The vllm version is 0.10.1. The v0 benchmark can be successfully executed, but the v1 request will get stuck. When the client gets stuck, it will time out. The benchmark log is provided below.
Traceback (most recent call last):
File "/opt/ac2/lib/python3.12/site-packages/aiohttp/client_reqrep.py", line 539, in start
message, payload = await protocol.read() # type: ignore[union-attr]
^^^^^^^^^^^^^^^^^^^^^
File "/opt/ac2/lib/python3.12/site-packages/aiohttp/streams.py", line 680, in read
await self._waiter
asyncio.exceptions.CancelledError
The above exception was the direct cause of the following exception:
Traceback (most recent call last):
File "/mnt/ysgg1/vllm_split/scripts/benchmark/backend_request_func.py", line 188, in async_request_openai
async with session.post(url=api_url, json=payload, headers=headers) as response:
^^^^^^^^^^^^^^^^^^^^^^^^^^^^^^^^^^^^^^^^^^^^^^^^^^^^^^^^
File "/opt/ac2/lib/python3.12/site-packages/aiohttp/client.py", line 1517, in __aenter__
self._resp: _RetType = await self._coro
^^^^^^^^^^^^^^^^
File "/opt/ac2/lib/python3.12/site-packages/aiohttp/client.py", line 786, in _request
resp = await handler(req)
^^^^^^^^^^^^^^^^^^
File "/opt/ac2/lib/python3.12/site-packages/aiohttp/client.py", line 764, in _connect_and_send_request
await resp.start(conn)
File "/opt/ac2/lib/python3.12/site-packages/aiohttp/client_reqrep.py", line 534, in start
with self._timer:
^^^^^^^^^^^
File "/opt/ac2/lib/python3.12/site-packages/aiohttp/helpers.py", line 713, in __exit__
raise asyncio.TimeoutError from exc_val
TimeoutError
[5m54s < 40m35s] Progress: 127/1000 (1 failed) (12.7%), Decoding: 0, Prefilling: 38, TTFT: 0.00 (15779.53), ITL: 21.37 (21.37), Decoding throughput: 0.00 (273.82), Prefilling throughput: 0.00 (67.14)

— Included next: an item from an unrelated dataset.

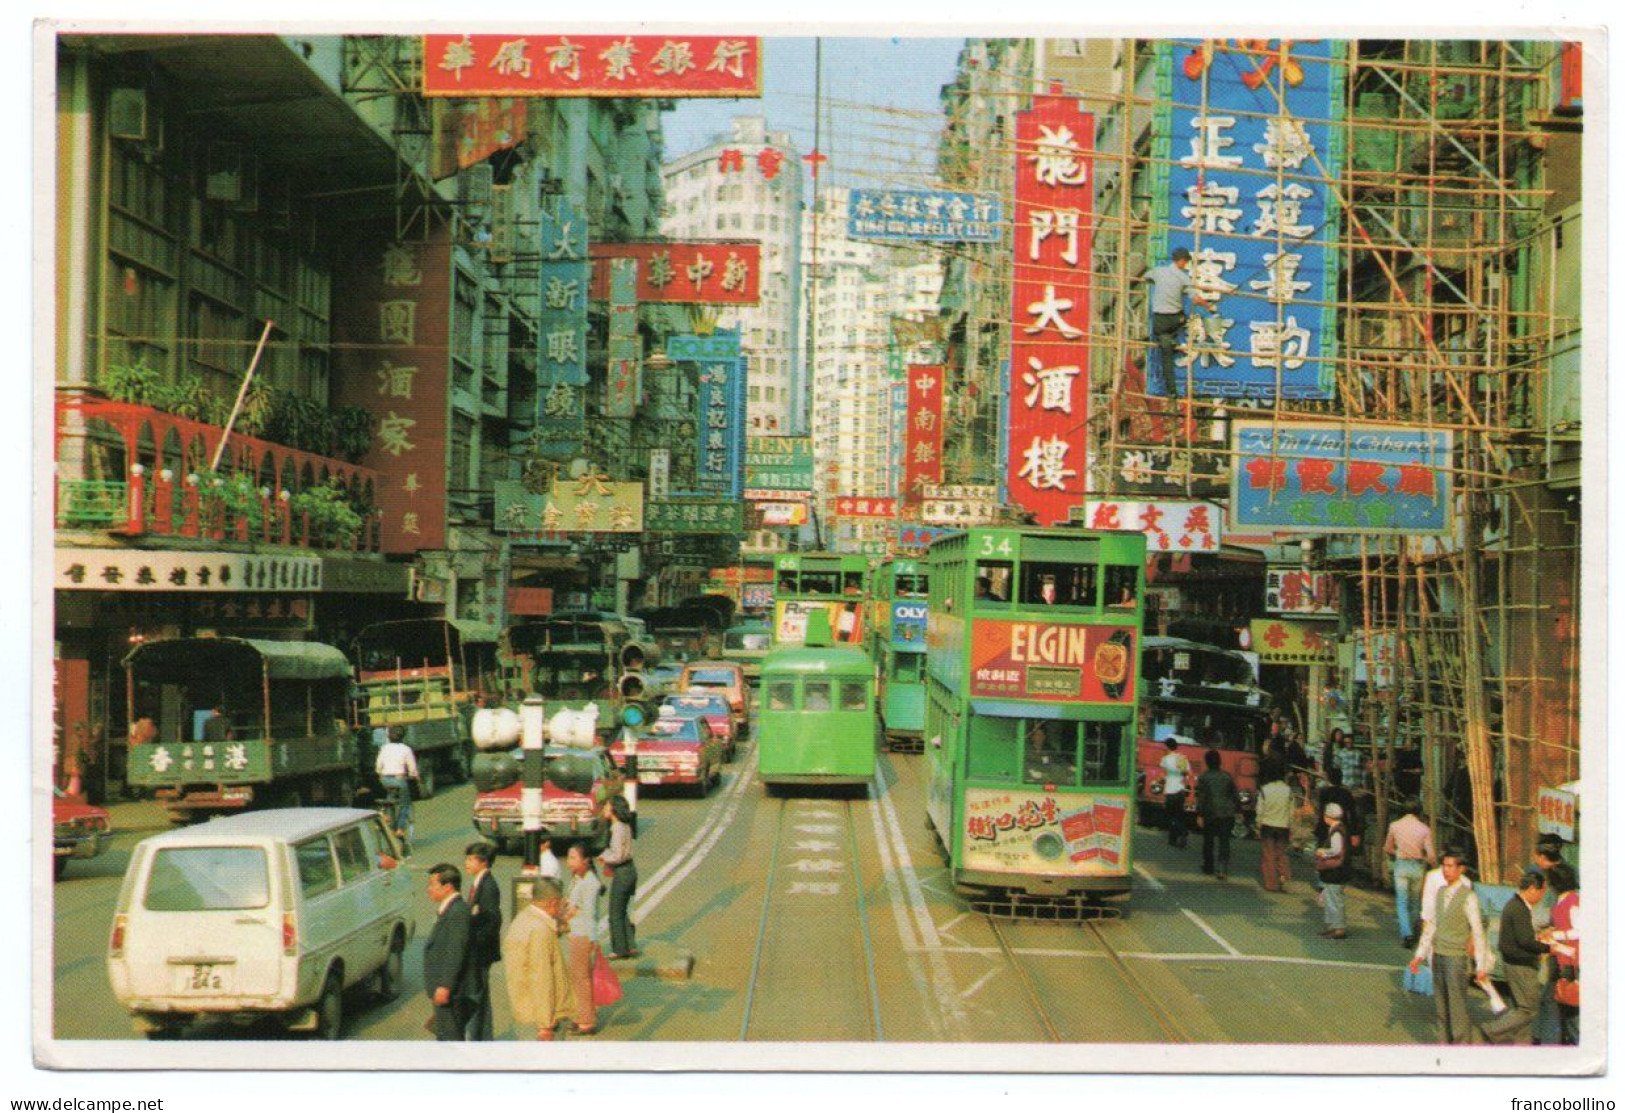 HONG KONG - A TYPICAL HONG KONG STREETSCENE / OLD CARS / TRAMWAY - Chine (Hong Kong)

The log of the scheduler is below.
finish serving request: deaec2cd-7a00-4d3c-9c6e-c41024ec6b85
connection of request: 289076dc-e996-4cbd-ad6e-8c5ea911e404, scheduler request: e8420178-1460-45d3-9ea0-3c85e27a2f75 closed without finish
finish prefill stage of request[abort] or some wrong with input parameter : e8420178-1460-45d3-9ea0-3c85e27a2f75
finish serving request: e8420178-1460-45d3-9ea0-3c85e27a2f75
http: proxy error: context canceled
The server’s log did not report any errors.